8. In any case of any grade the lower potency used at first with benefit may need to be followed by the higher or even the highest.

9. In many families the children respond best to medium and low potencies.

10. The more complex the case as to history, successive illness, bad treatment, bad effects of surgery, the less medicine, but the most care in selection of appropriate remedy and its potency.

11. The essential intercurrent should be infrequent: minimum number.

12. If the high potency gives little or no result in reasonable time it should be superseded by a lower.

13. As soon as improvement is at a standstill under the low a higher should be chosen, provided of course the original picture persists.

14. If the picture has changed and a new remedy is selected the potency should fit the new aspect of the case in respect to patients habit of reaction as disclosed and studied.

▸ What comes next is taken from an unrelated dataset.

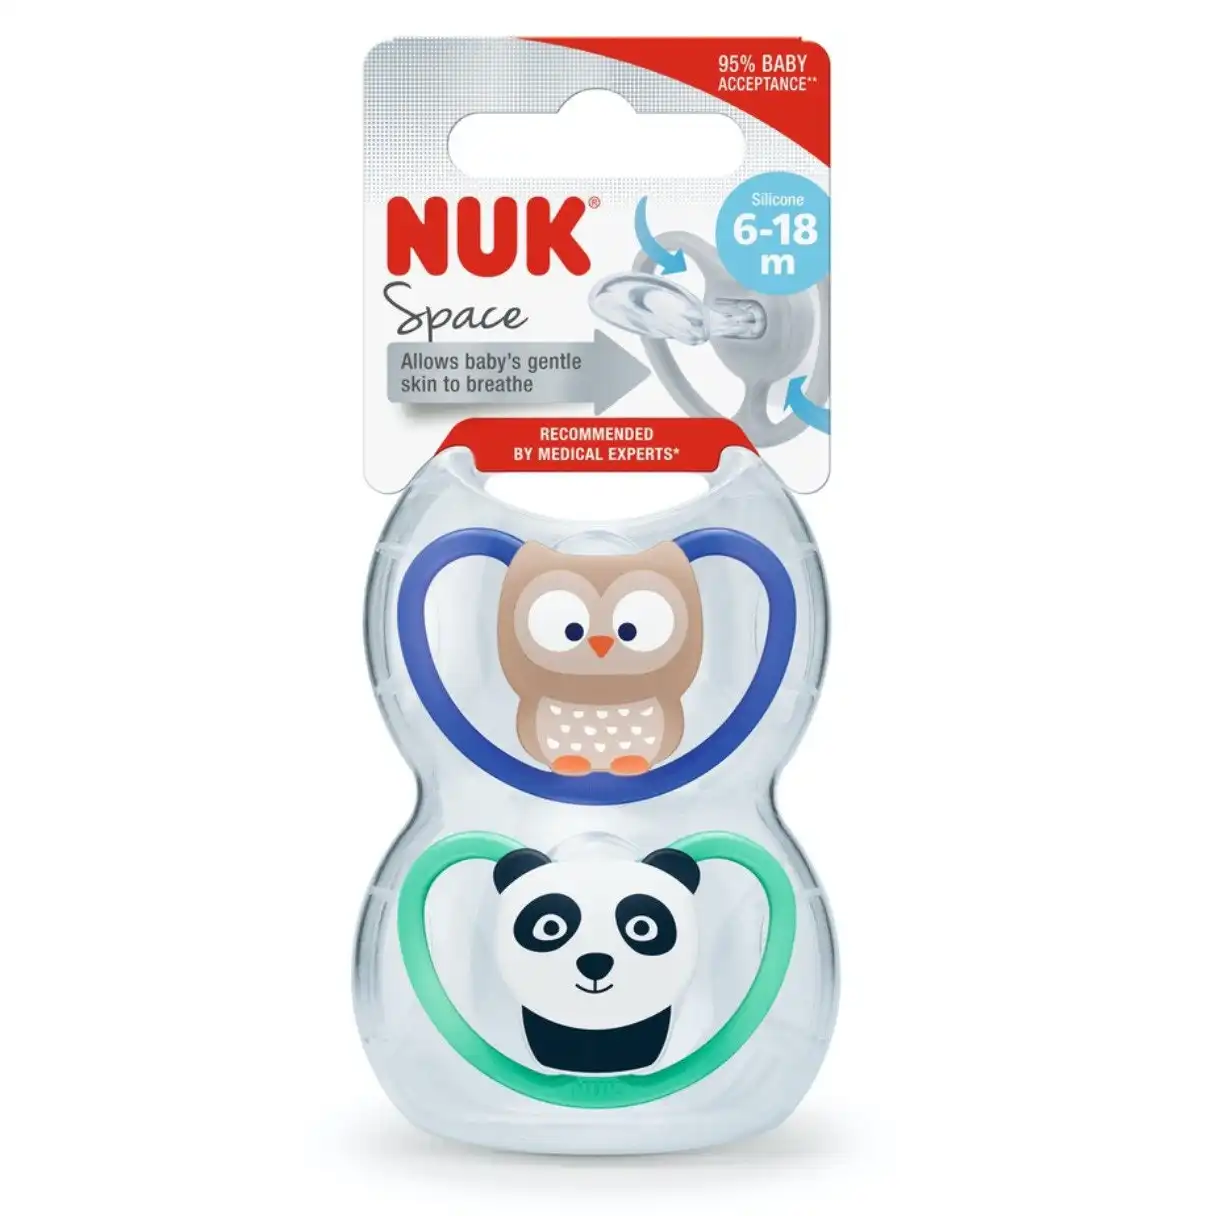 NUK Space Baby Dummy 6-18m, With Extra Ventilation, BPA-Free Silicone, 2 Pack - Assorted

15. Examine visually the patient, noting every characteristic discernible, forming as far as practicable a general opinion of personality, mind, and body. In any case, with rare exception, the prescriber will be able to determine the similimum in potency as well as the remedy similimum. An exact estimate of the case provides a safe and effective choice of potency.

16. The finer indications for treatment, as opposed to gross generalities, will determine remedy potentiation. The finer the characteristics in total symptomatology, the higher the potential energy demanded. Hence the high potency.